None of the organizational variables considered in this study entered the tree because they did not prove to be significant predictors above and beyond the clinical variables. Other organizational factors (or more generally other, non-clinical factors) or women’s preferences [28, 29], which were not considered in this analysis, might influence the choice of the type of delivery when clinical indications are present.

The major strength of the present study is that it is a population-based study. However, our results, based on administrative databases, might be affected by lack of accuracy and completeness in coding. In particular, it is possible that omission of ICD codes identifying risk factors is more likely in the group without a CD and that, vice versa, some risk factors are better documented in the group with a CD. This might lead to an information bias. Nevertheless, previous evidence suggests that comorbidities are uncommon among women in reproductive age, who are generally healthy [8].

Although Powell et al. [30] argued that multiple issues regarding the validity of administrative data remain largely unexplored, others [31] suggest that administrative data may be as reliable as data extracted from clinical charts with respect to key outcomes.
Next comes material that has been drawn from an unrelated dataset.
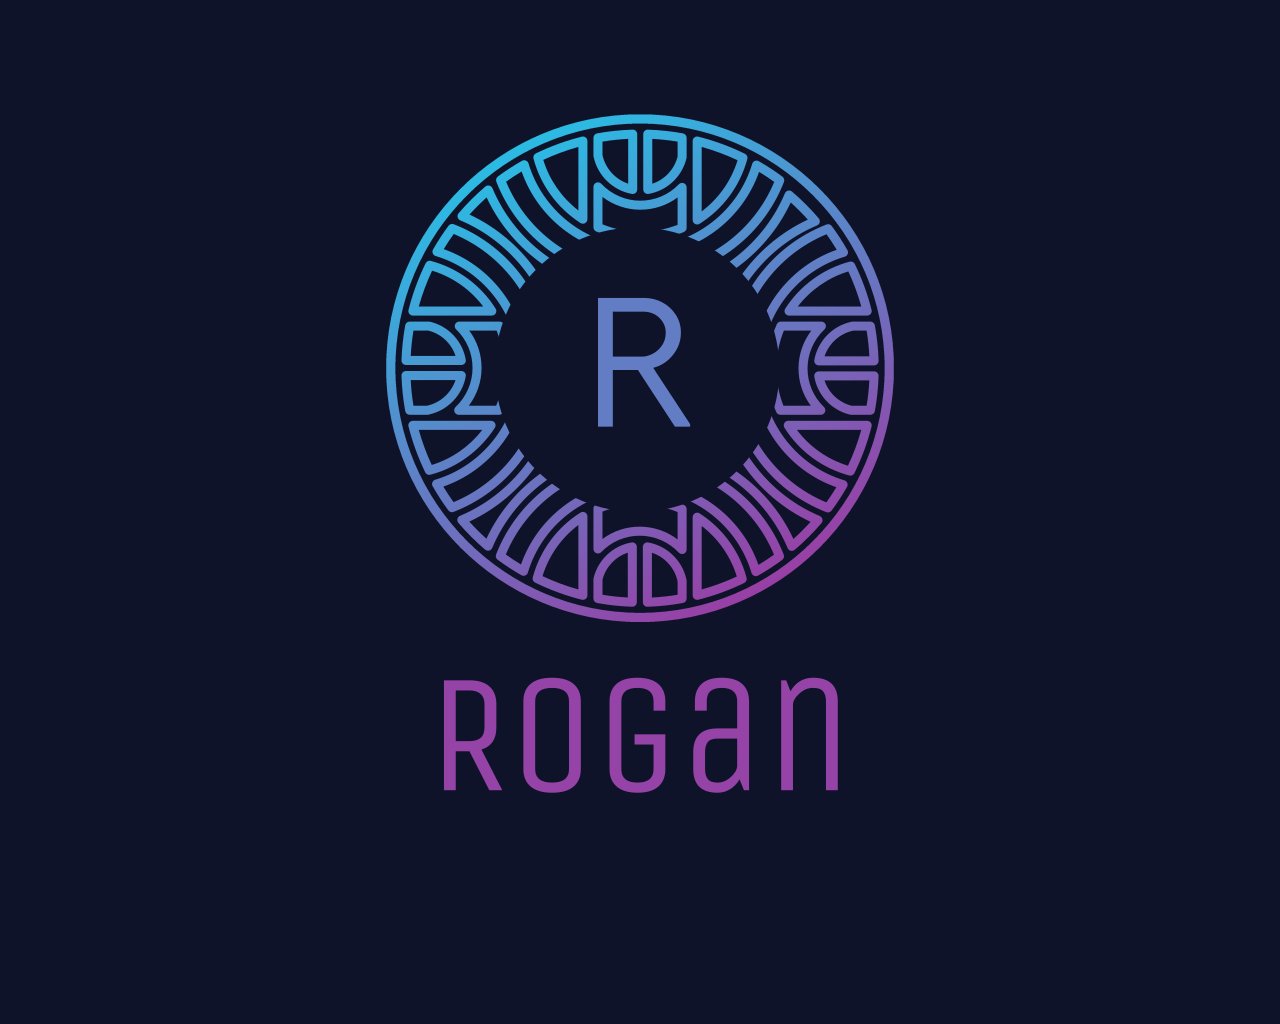 Rogan Coin
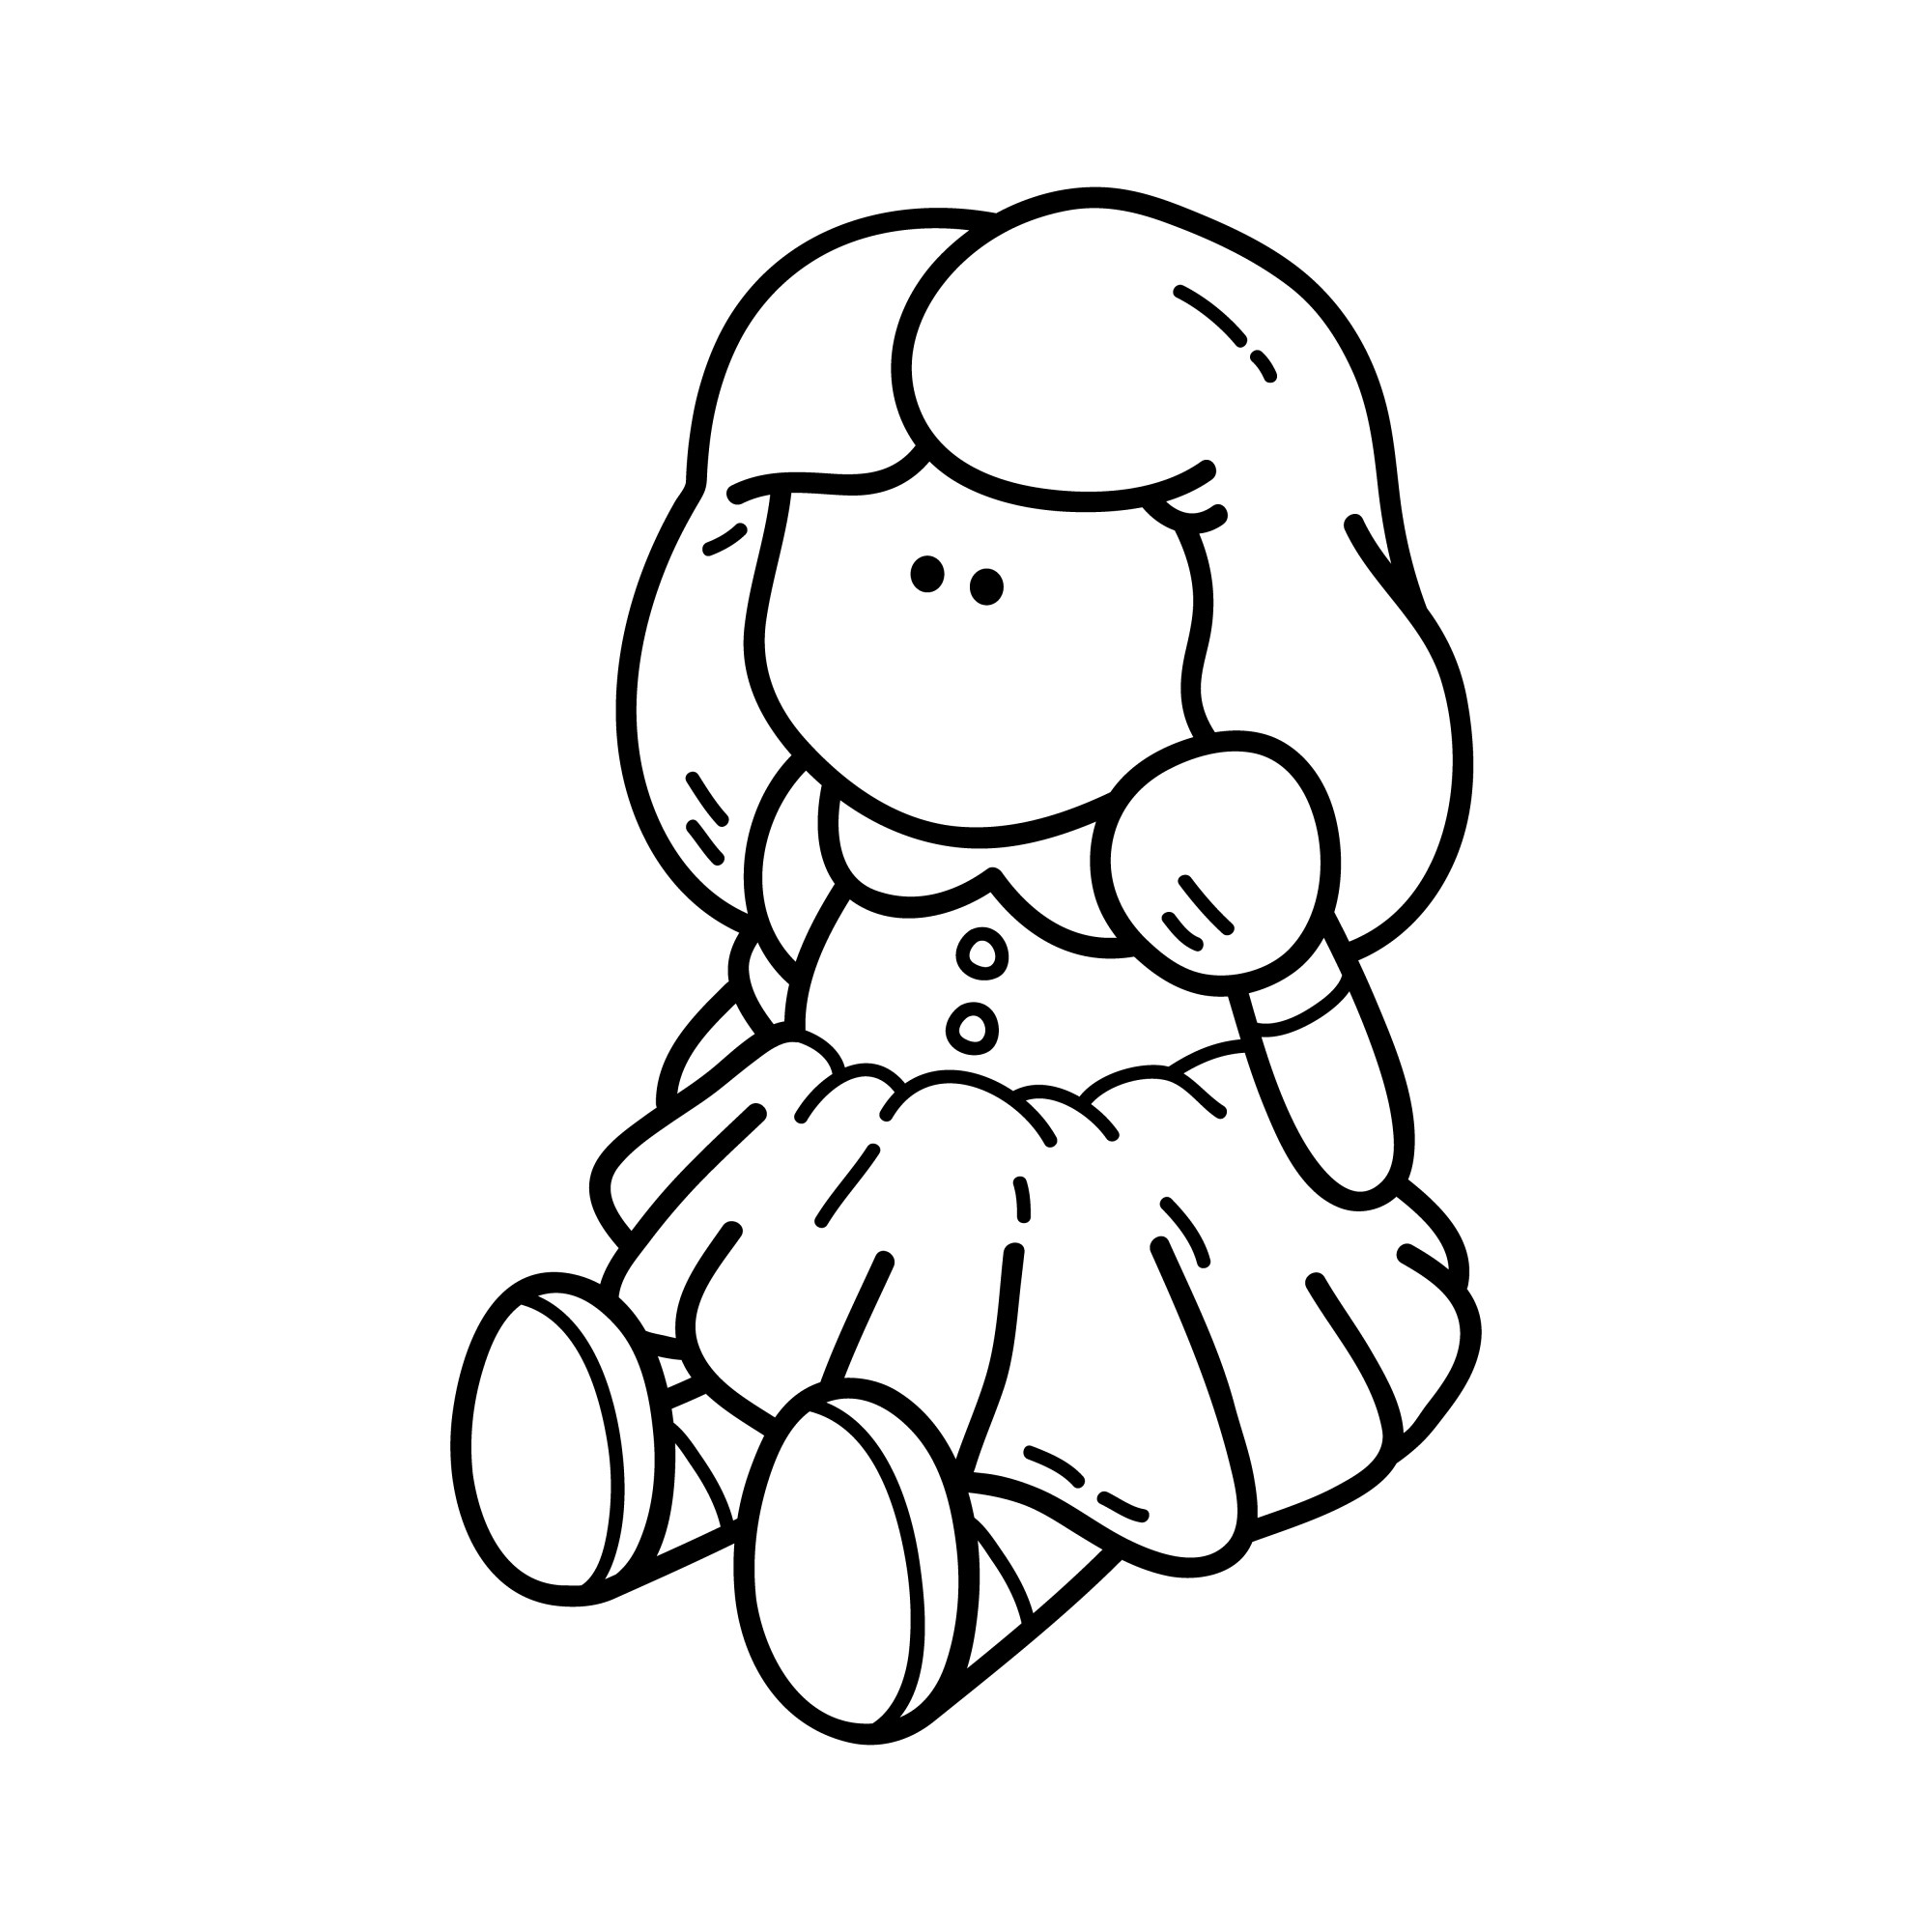 Раскраска для детей: сидячая кукла девочки в платье

Quality improvement is promoted in the Emilia-Romagna Region through training of coders and a regular review of the hospital discharge records database at the Regional Health and Social Care Agency, with feedback to the hospital coders about logical inconsistencies and the presence of systematic errors. The use of ICD-9-CM for coding diagnoses and procedures was established in 2002, thereby facilitating the consistency of coding across operators. Moreover, administrative databases in Emilia-Romagna have proved to have a high degree of completeness and quality [16]. In addition, since some diagnoses (such as fetal distress or placental abnormalities) might be used improperly, we performed sensitivity analyses without these two diagnoses to address this potential bias. A recent study [32] found large differences in the frequency of some types of mal-presentation across hospitals in some Italian regions, which suggests the possibility of improper, or opportunistic, use of this variable as well.
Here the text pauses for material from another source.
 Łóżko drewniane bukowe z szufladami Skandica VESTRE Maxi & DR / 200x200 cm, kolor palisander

In addition, many organizational risk factors for CD, such as staff type and number, use of procedures, and implementation of audit activities, were not included in the analysis, because this information was not available.

Conclusions

Our study underscores that the main reasons for performing CDs are clinical. However, some of these ‘clinically’ indicated operations may not be necessary. Therefore, to reduce the CD rate, audit activities should examine in more detail the clinical conditions for which the need of CD is questionable or inappropriate.